Inside CollisionSystem, you can use data structures like quad trees or binary trees to speed up the time it takes to solve all collisions. As a first step I recommend just sorting on X axis. By keeping the list sorted you only have to check the neighbors that are not further away than the size of you object.
If the requirements for your game change, you can update with better collision checking algorithm, you can add more attributes to ICollidable. In general you also need to process physics, you could also provide the functionality for that through ICollidable.

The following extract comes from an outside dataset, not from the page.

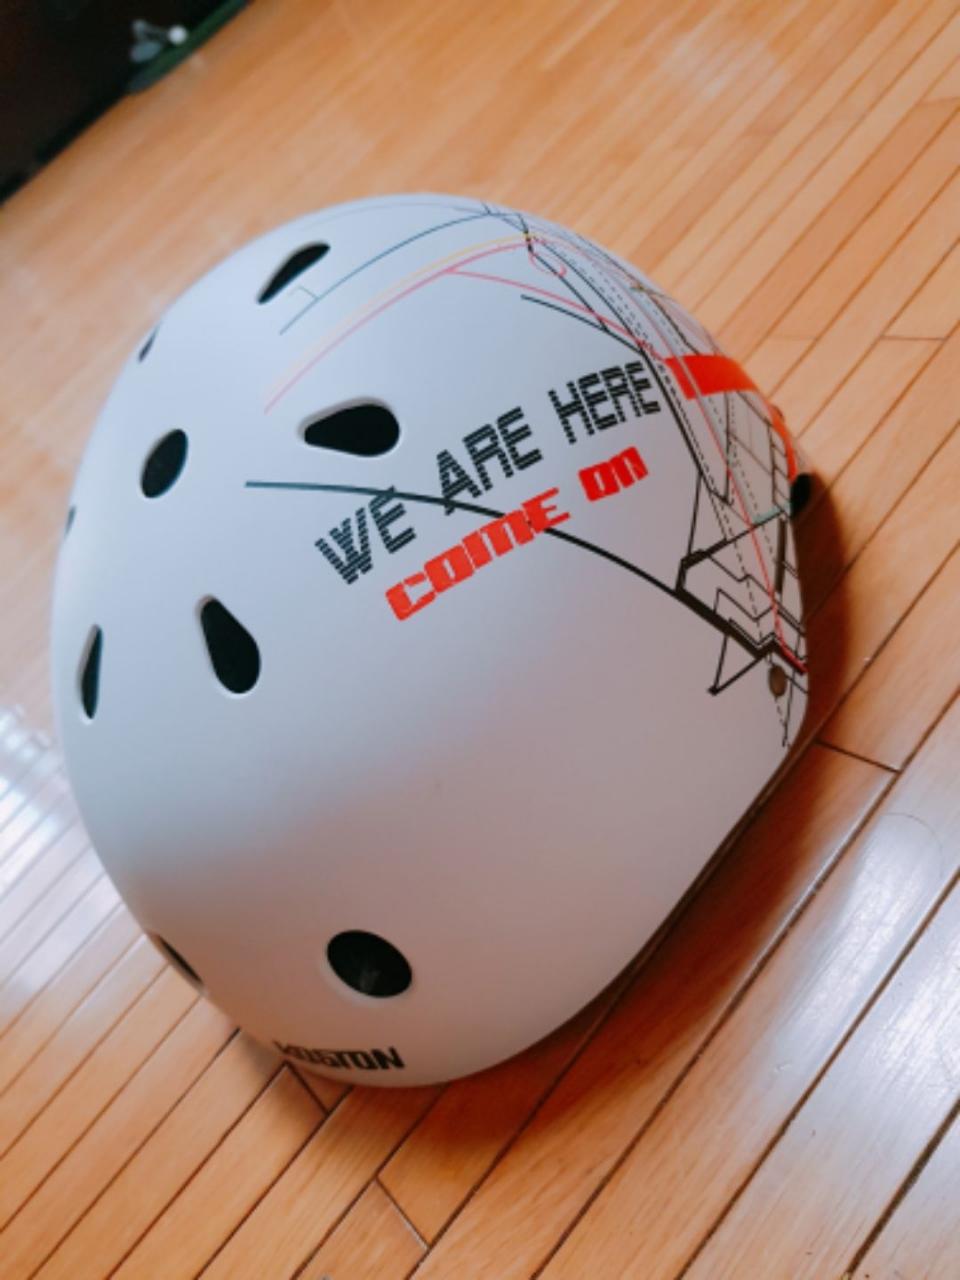 헬멧 팔아용(자전거, 스쿠터, 스케이트보드, 롱보드)
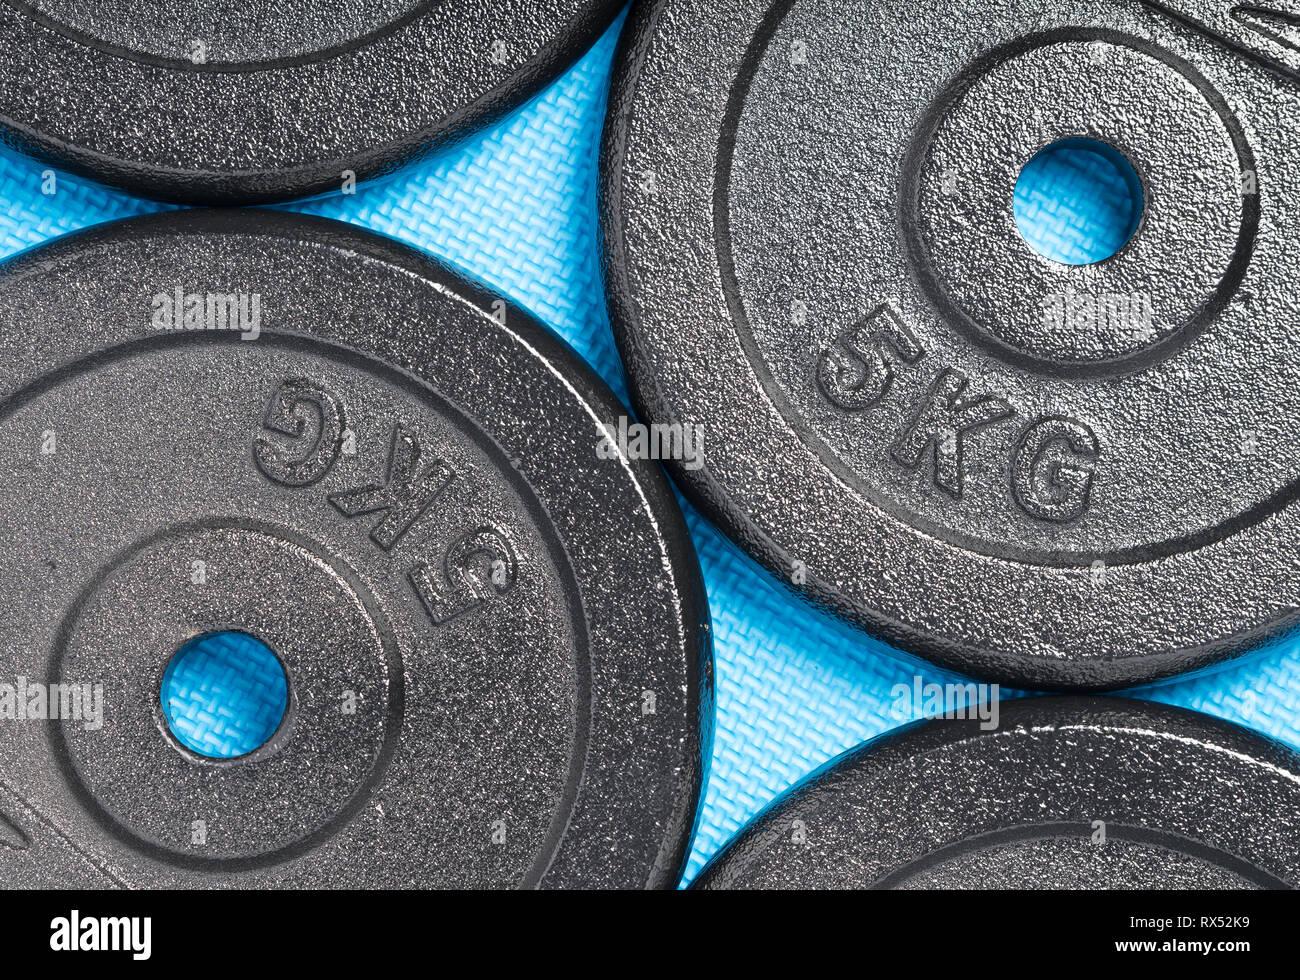 Les plaques de poids sur un sol bleu coloré à l'intérieur d'une formation de poids salle de sport / fitness studio Photo Stock

And as a tip, if two objects collide, I recommend immediately moving them away from each other so that they don't collide in the next game tick.
Depending on the amount of entities you are dealing with, just checking collision for every object in the game might have a huge cost, in terms of memory and/or in terms of performance.
You might want to pre-treat your objects to classify them by an axis, like increasing x coordinate, to simplify the collision checking. It could be even better to prepare all your objects and sort them before the game even starts, as an initiation to a level for example. I think that would be the way i'd choose to do it, for a first try.